> _Input data_:
□ □ □ □

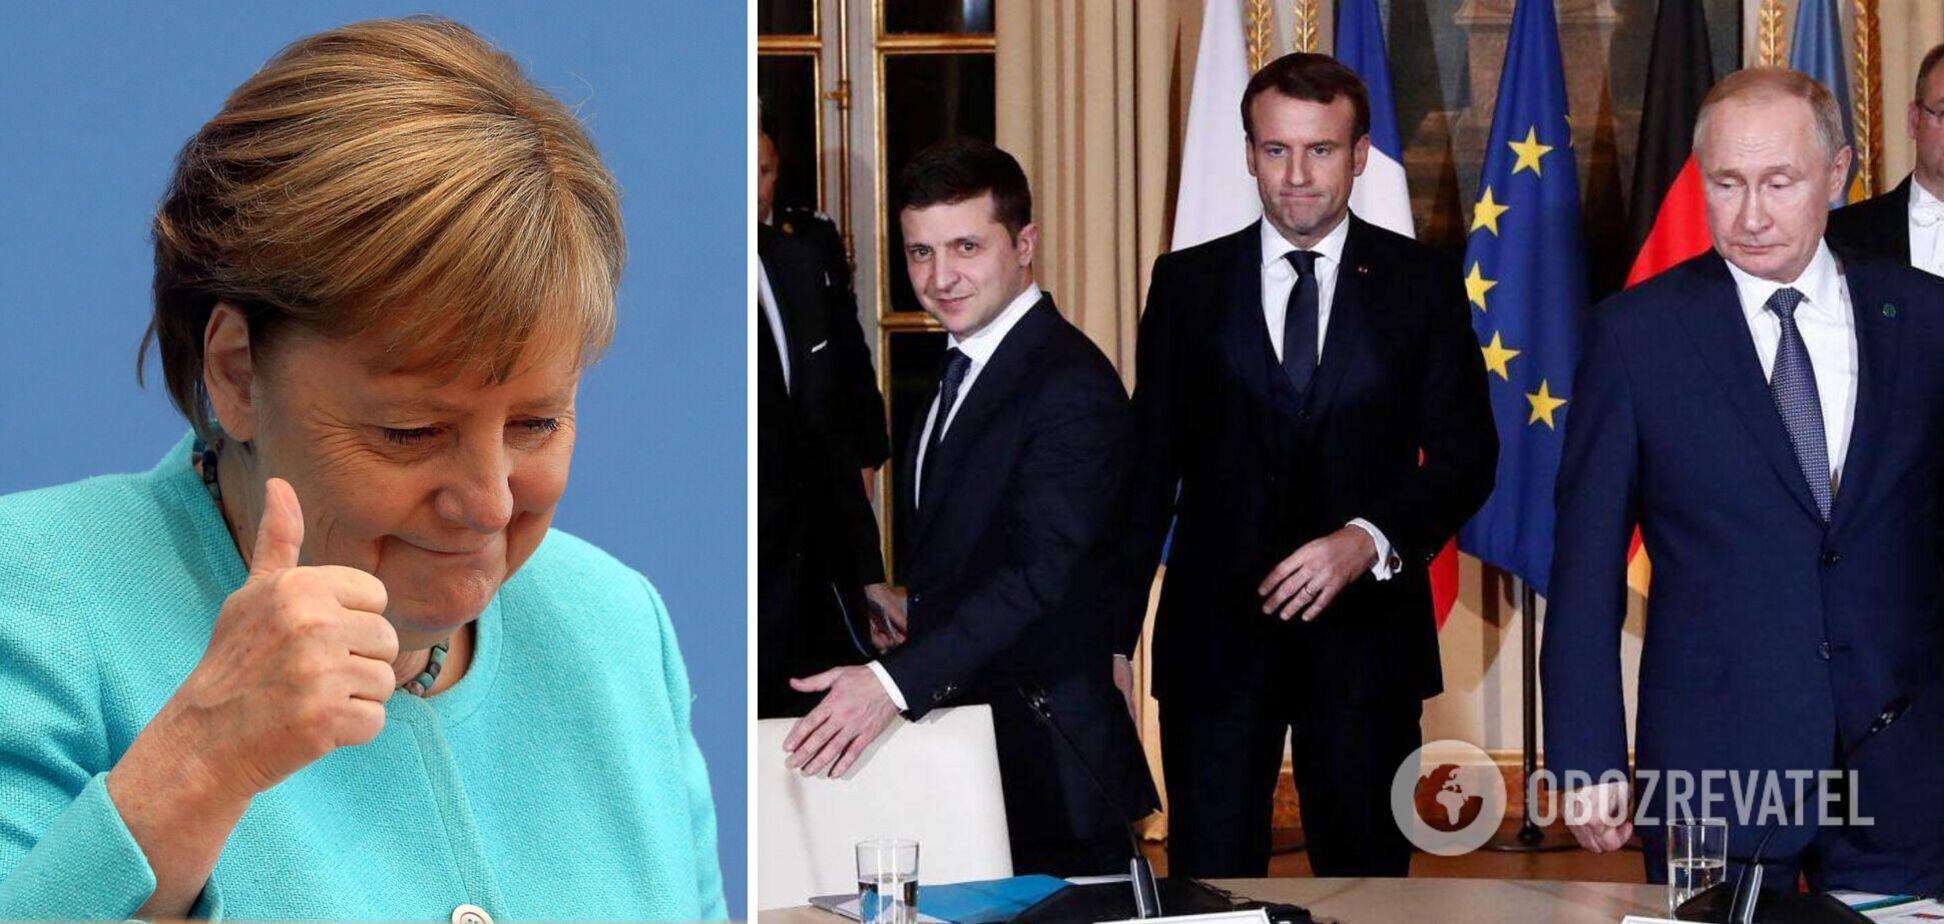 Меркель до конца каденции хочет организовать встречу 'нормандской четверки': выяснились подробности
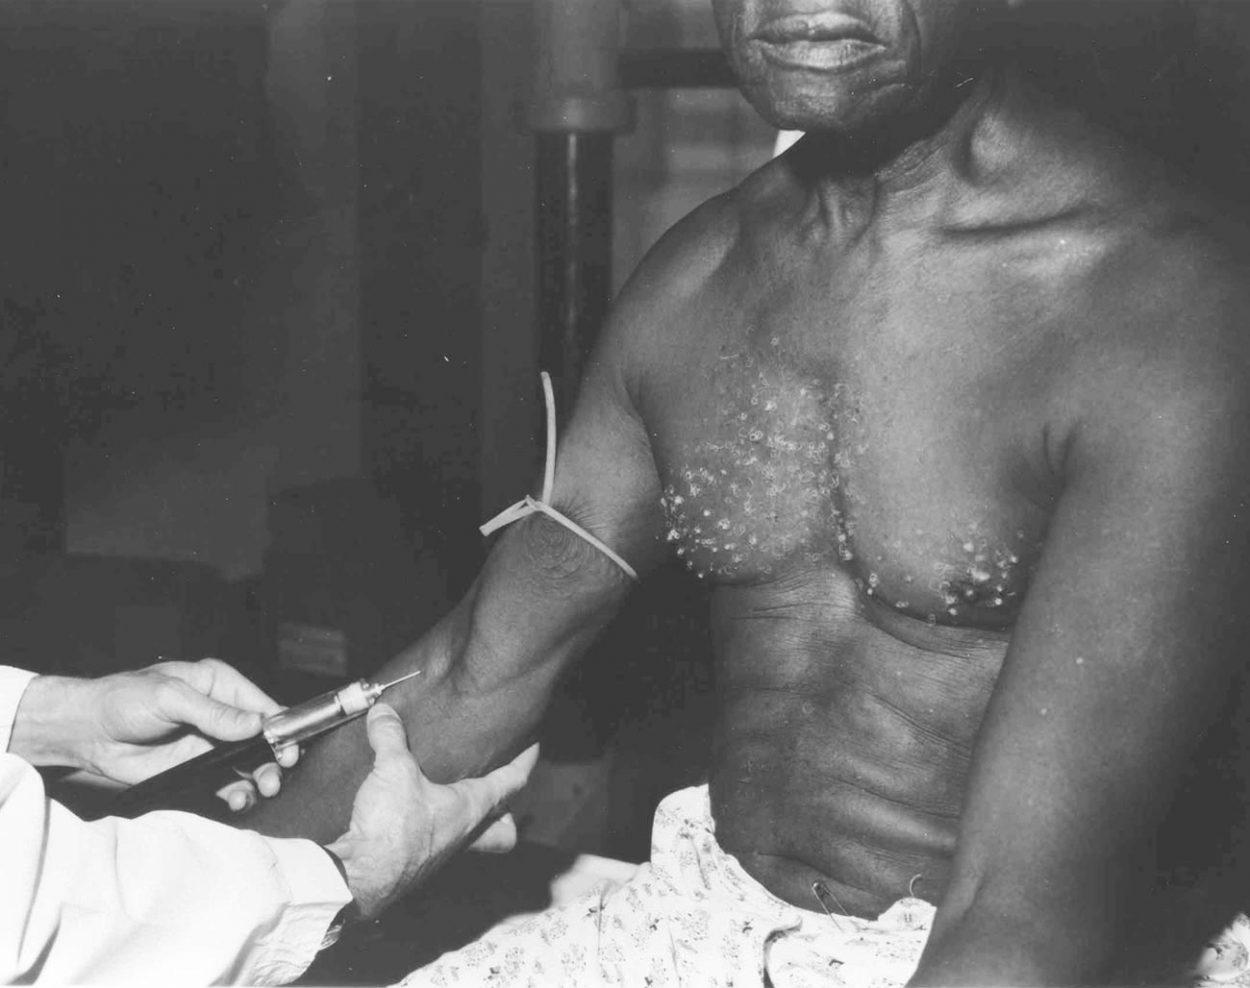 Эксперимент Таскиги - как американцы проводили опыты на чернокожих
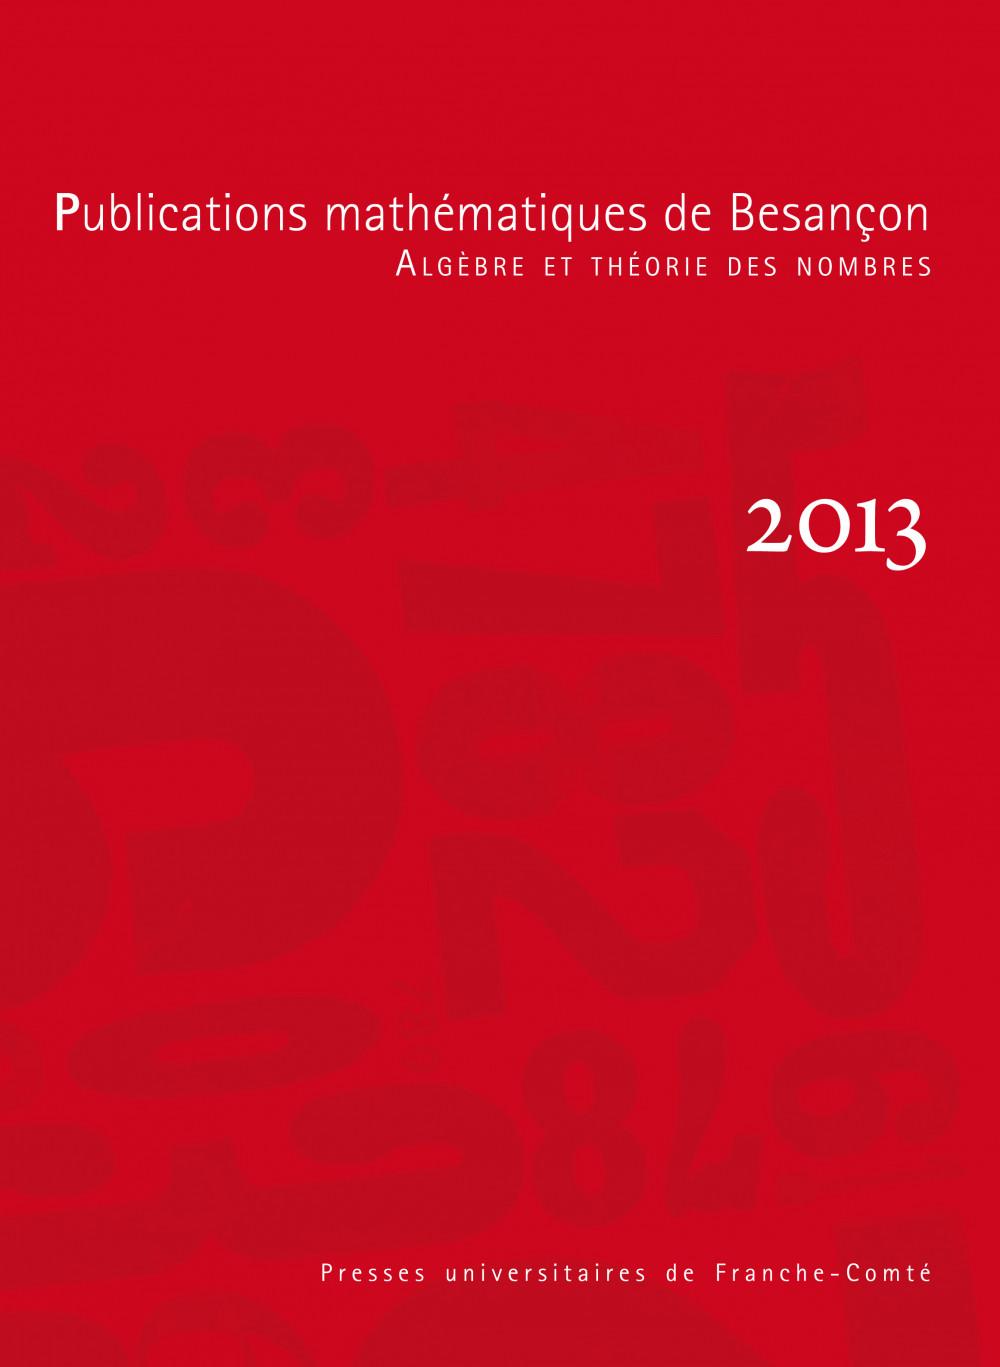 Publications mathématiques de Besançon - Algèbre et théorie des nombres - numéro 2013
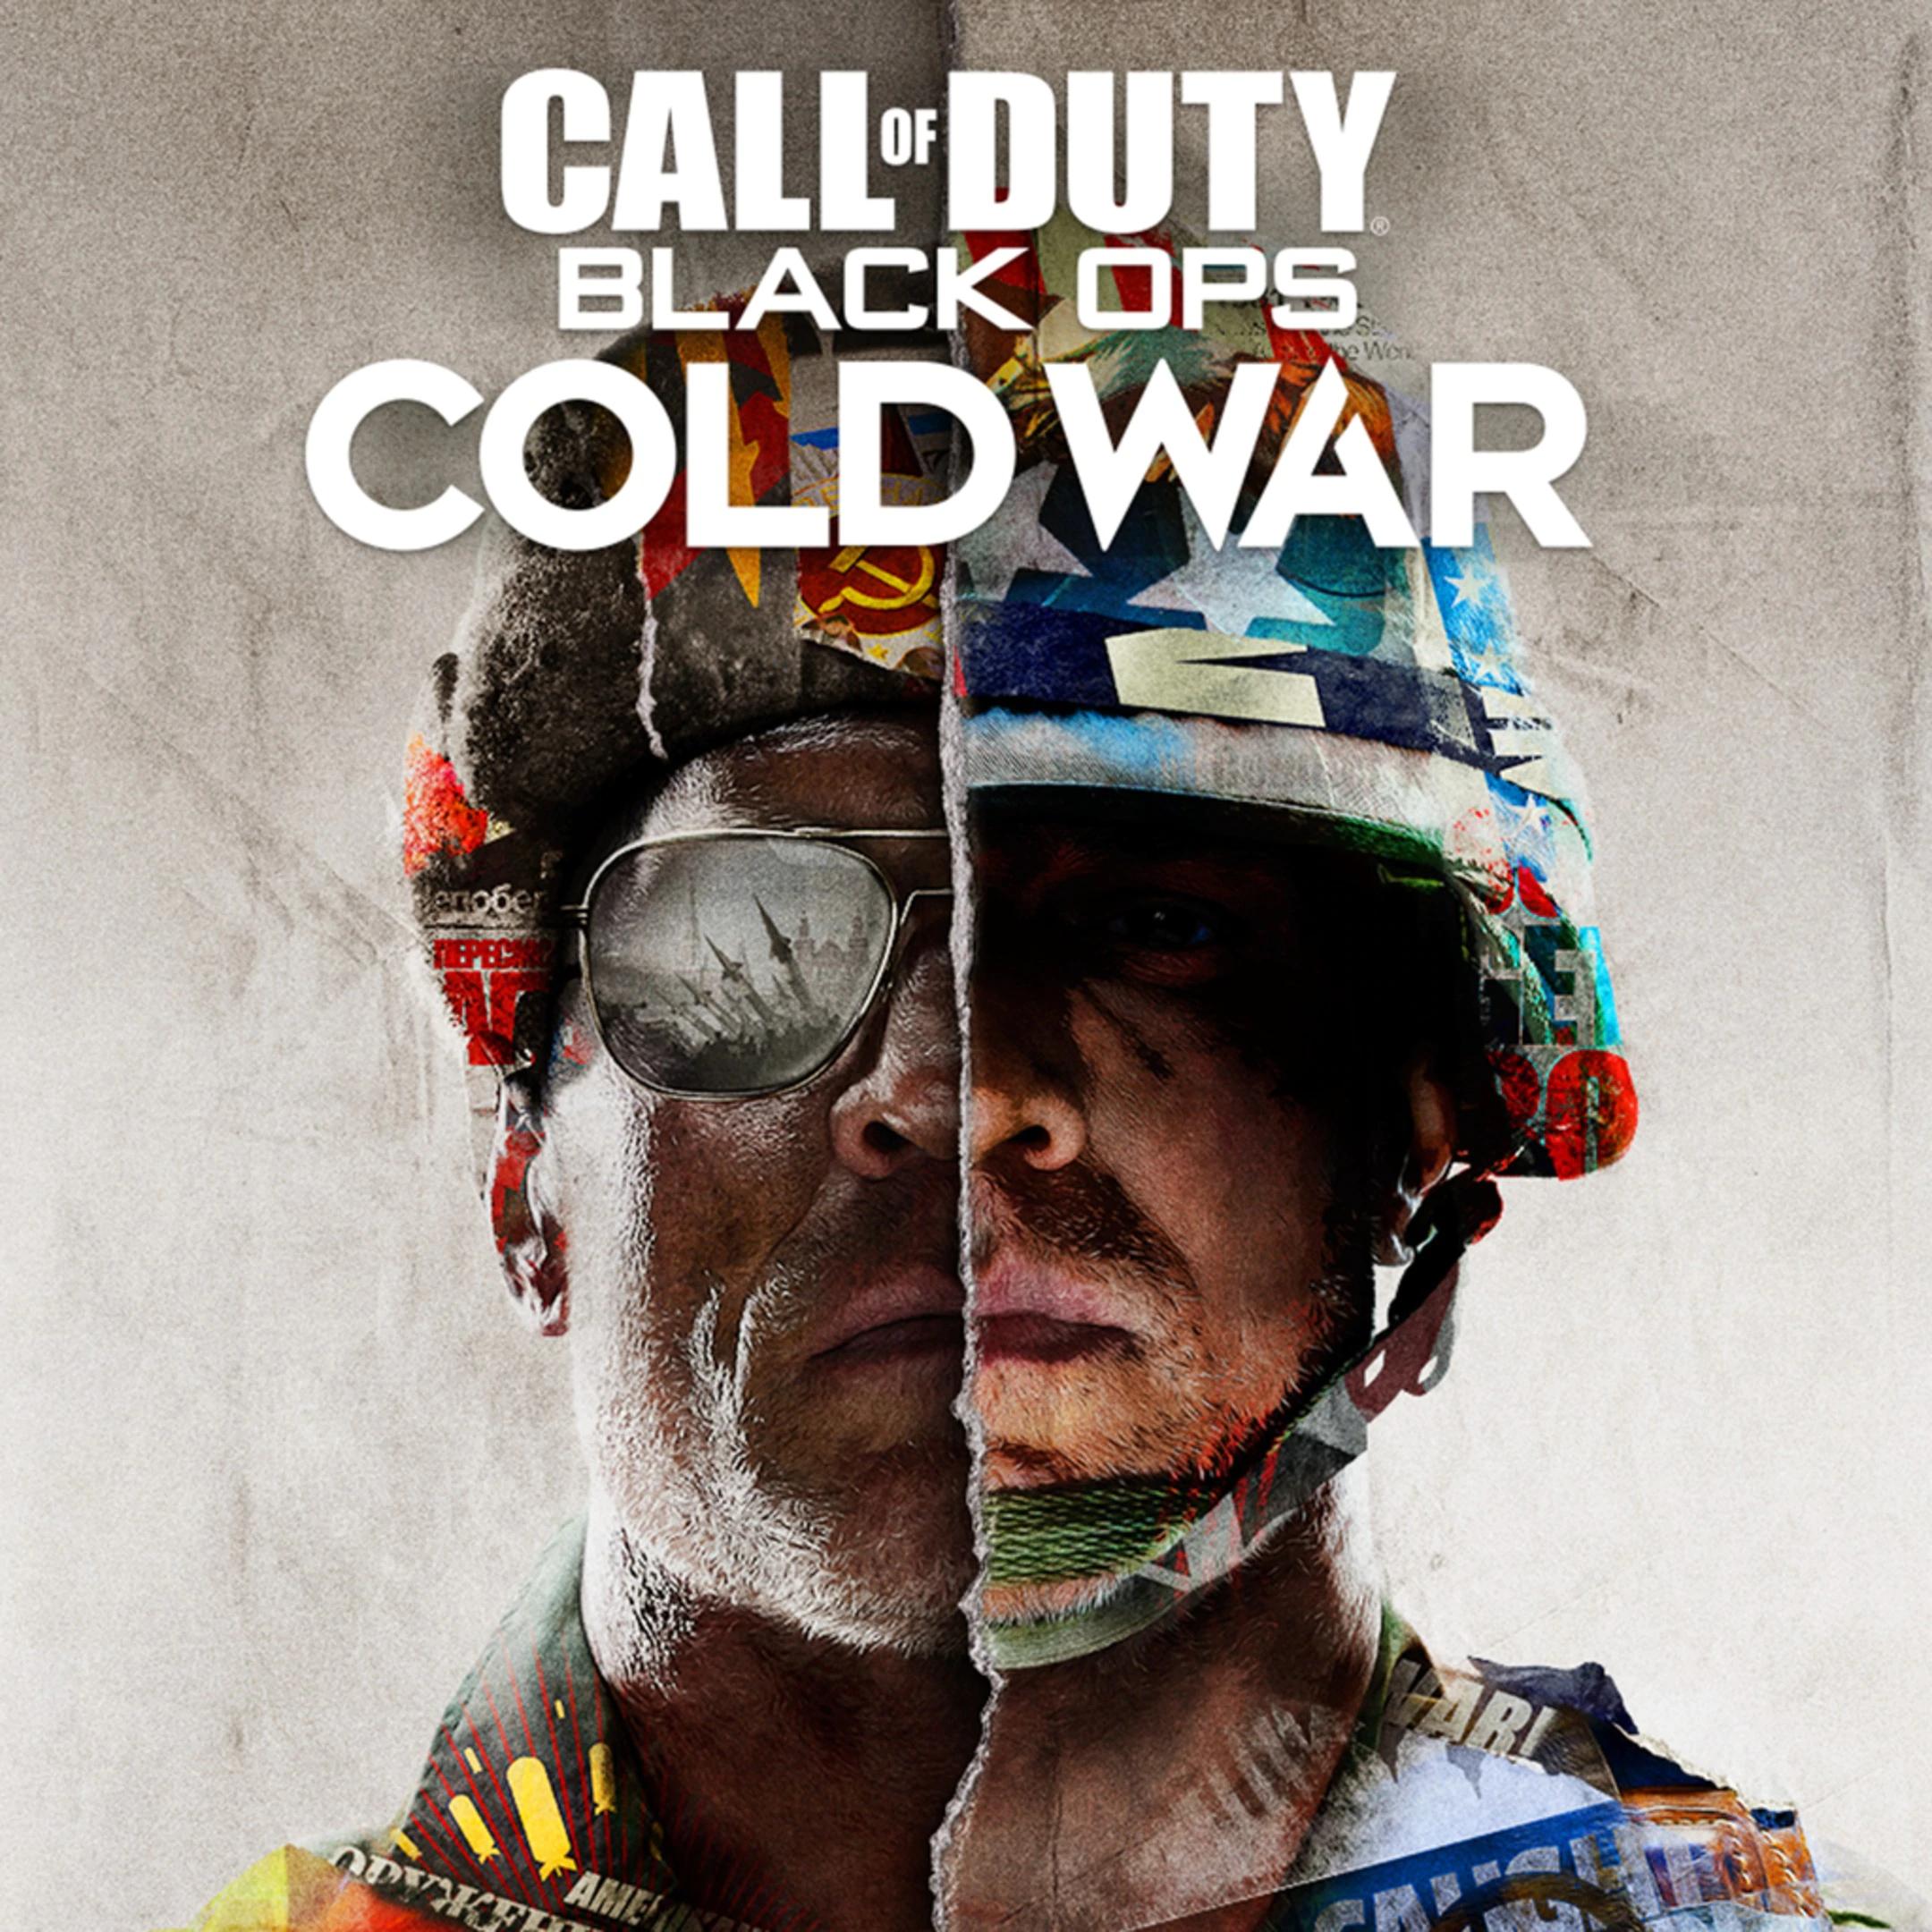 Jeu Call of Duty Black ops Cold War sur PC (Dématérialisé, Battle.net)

□ □ □ □

> _Work instruction_:
Line by line, output the material above exactly, passing over the pictures.

> _Response area_:
 Меркель до конца каденции хочет организовать встречу 'нормандской четверки': выяснились подробности
 Эксперимент Таскиги - как американцы проводили опыты на чернокожих
 Publications mathématiques de Besançon - Algèbre et théorie des nombres - numéro 2013
 Jeu Call of Duty Black ops Cold War sur PC (Dématérialisé, Battle.net)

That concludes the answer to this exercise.